At one o’clock, the community dissolved as participants put away their embroidery and drove home for lunch. Yet, silently, we had agreed to be available to each other—for stitching tips, pest-control advice, or grief support. This is the instantaneous nature of community. As Esther Perel reminds us, “The quality of your life is dictated by the quality of your relationships.” The same applies to the quality of our communities and how we give to them.
On our Chader Buri story-prompt UK tour, we invited people to create stories with us, using kantha motifs and embroidering new symbols of their own. The prompt has two sides: black for a moonless night, white for a full-moon night. The original tale is less a story than a beginning—an invitation to spin a new one. Everywhere we went, we began, “On a moonless night, Chader Buri was looking out at the world, and what did she see?…” Participants responded, and together we created new worlds in the air. Invention takes courage; co-invention, vulnerability.

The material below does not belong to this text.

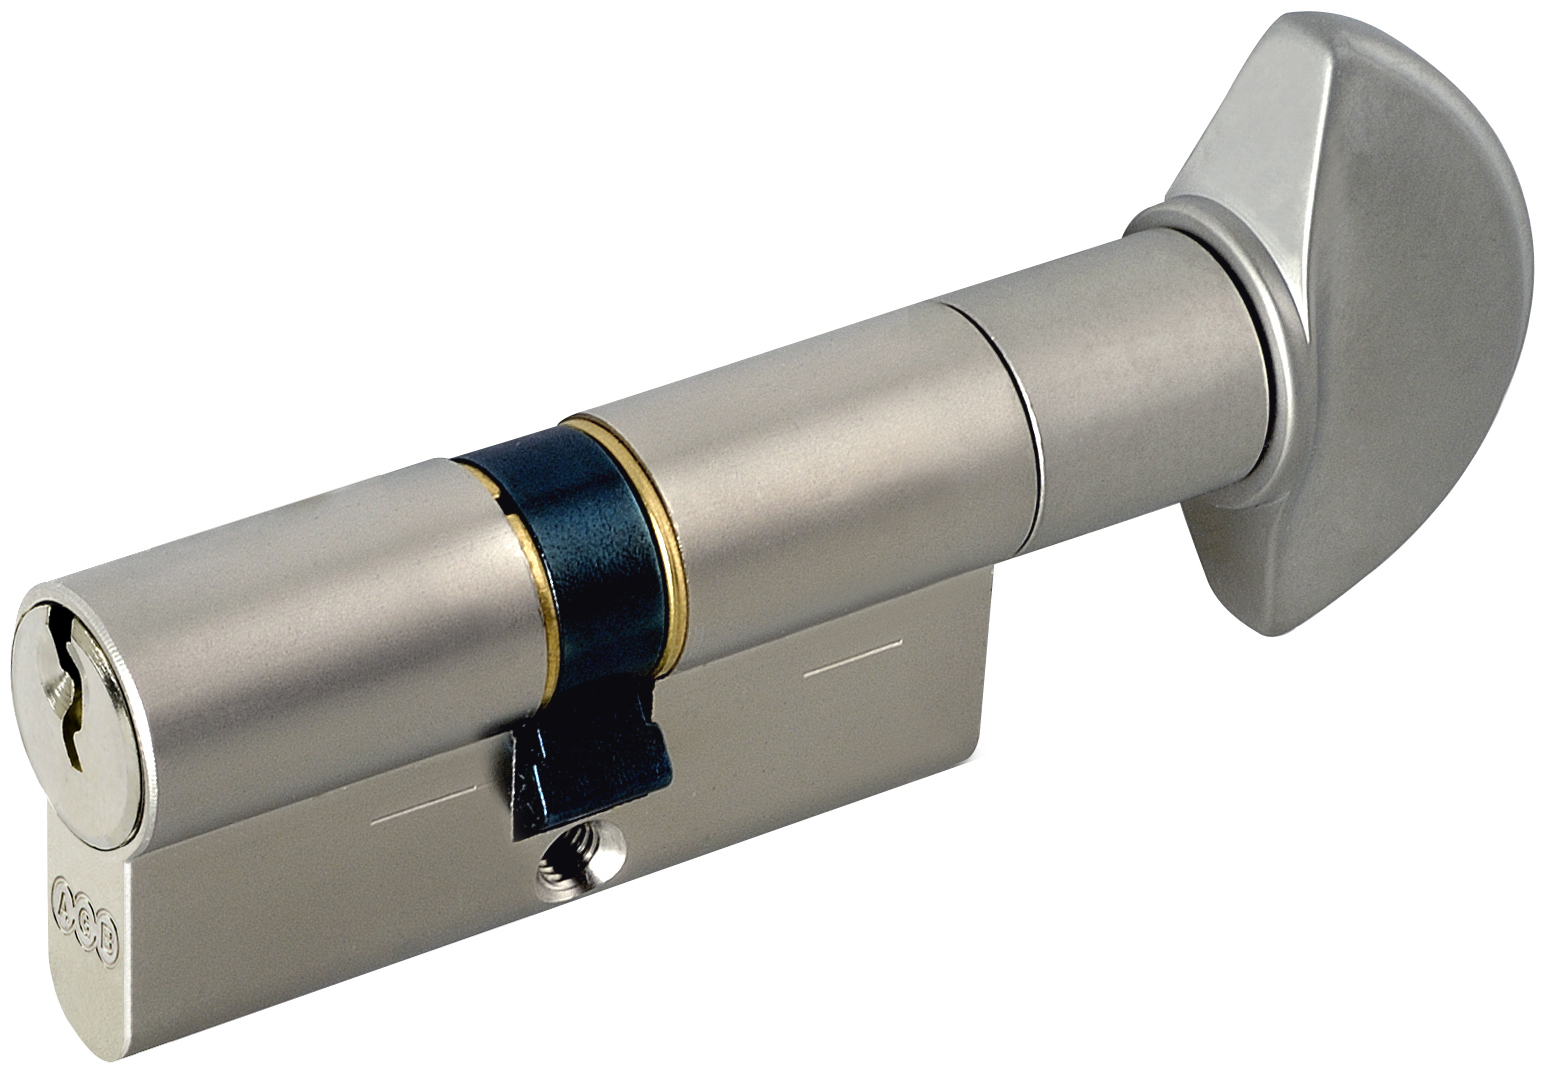 AGB -  Cilindro MOD. 600 frizionato anti bamping con chiave e pomolo - col. NICHELATO OPACO - lunghezza 70 - misura 25-10-35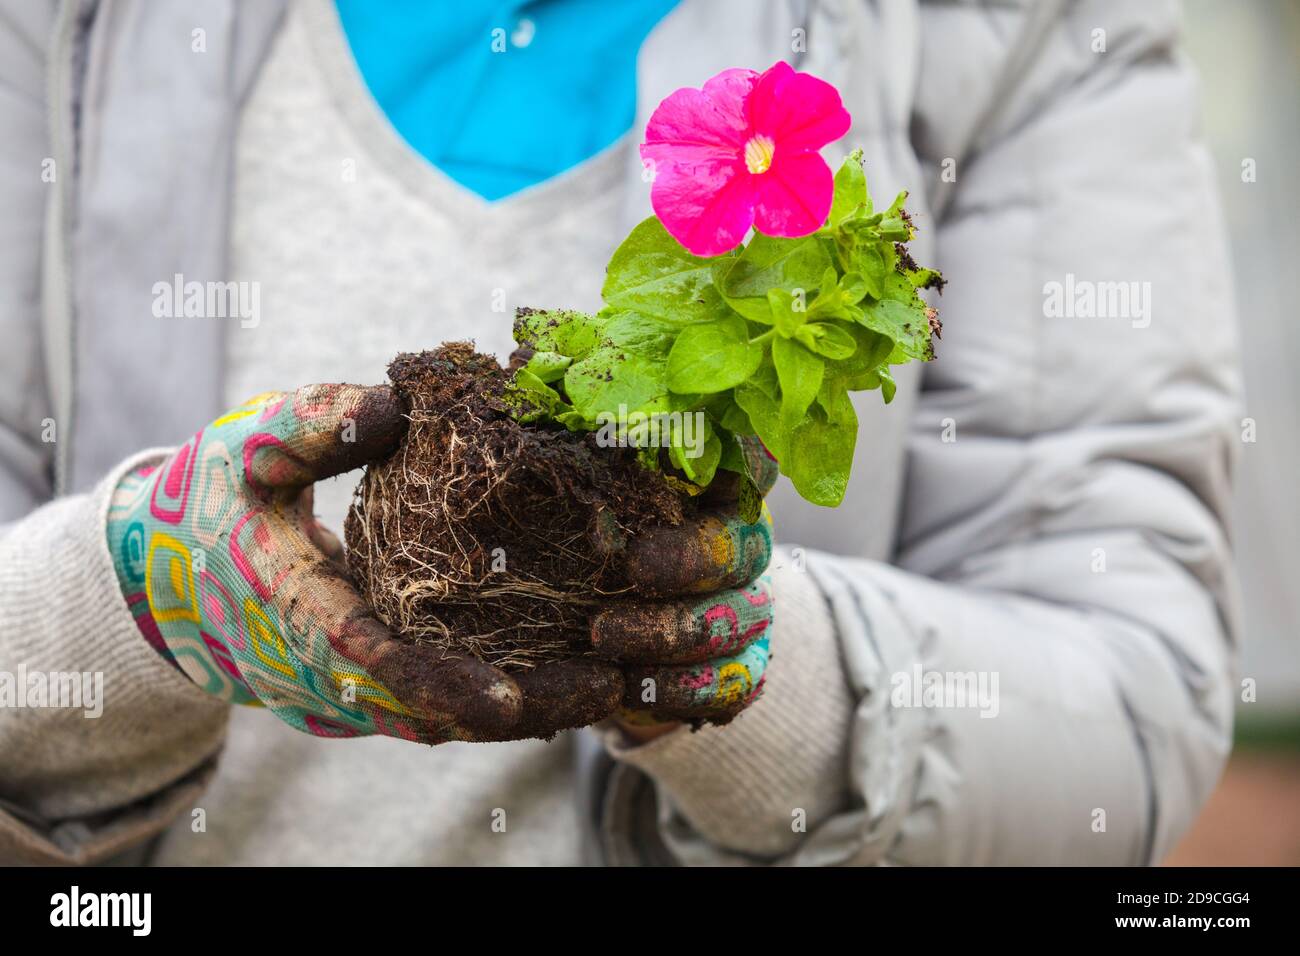 Il giardiniere mantiene la petunia con fiore rosa, foto ravvicinata con messa a fuoco morbida selettiva Foto Stock

As Chader Buri looks out at the world today, she may see more discord than cohesion. Earlier in September, I watched a lunar eclipse with a small group of people, with whom I am now forever connected. For a few hours, we watched the moon vanish into shadow and re-emerge, agreeing to spend the night in shared silence under the sky. Contemplating the ancestral granny on the moon, I began rethinking the kind of world I want to live in: on what agreements do I organize, and with whom do I come together?
Audre Lorde wrote, “Without community, there is no liberation… but community must not mean a shedding of our differences, nor the pathetic pretense that these differences do not exist.” She warned against the isolation of individualism. The nationalist vision of citizenship is a pragmatic arrangement to sustain divide-and-rule. Lorde urges us to come together across acknowledged differences, toward a greater whole. Our differences should foster cohesion, not division.
THE SMALL PINK CIRCLE
For five years, I have been reading together with others. Reading is usually solitary—the way you are reading this text now is unique to you. Reading together is an act of compromise, an acknowledgment of infinite points of view.
The Sister Library community is porous: old and young, religious and ambiguous, male, female, non-binary, students, dropouts, entrepreneurs, academics. All sorts come—and often not even in the library. We gather to read, rethink characters, ask questions, and create. For five years, people have entered, left, and returned without obligation. Once is enough and lasting.
Communities need no permission to form. They are discreet, organic ways of coming together. Many remain invisible—taboo, hidden networks of support among like-minded or like-desiring people. Others seek visibility, banding together to occupy space as a collective mass.
For me, community rests on two pillars: freedom of movement and availability. You give what you can. The structure varies, but belonging is enduring while presence is a choice. For many, a community is a chosen family. In the quiet acts of stitching or reading together, we agree to be alone together, to check in and share, to look each other in the eye, at the same level, and to say, “we are in this, together.”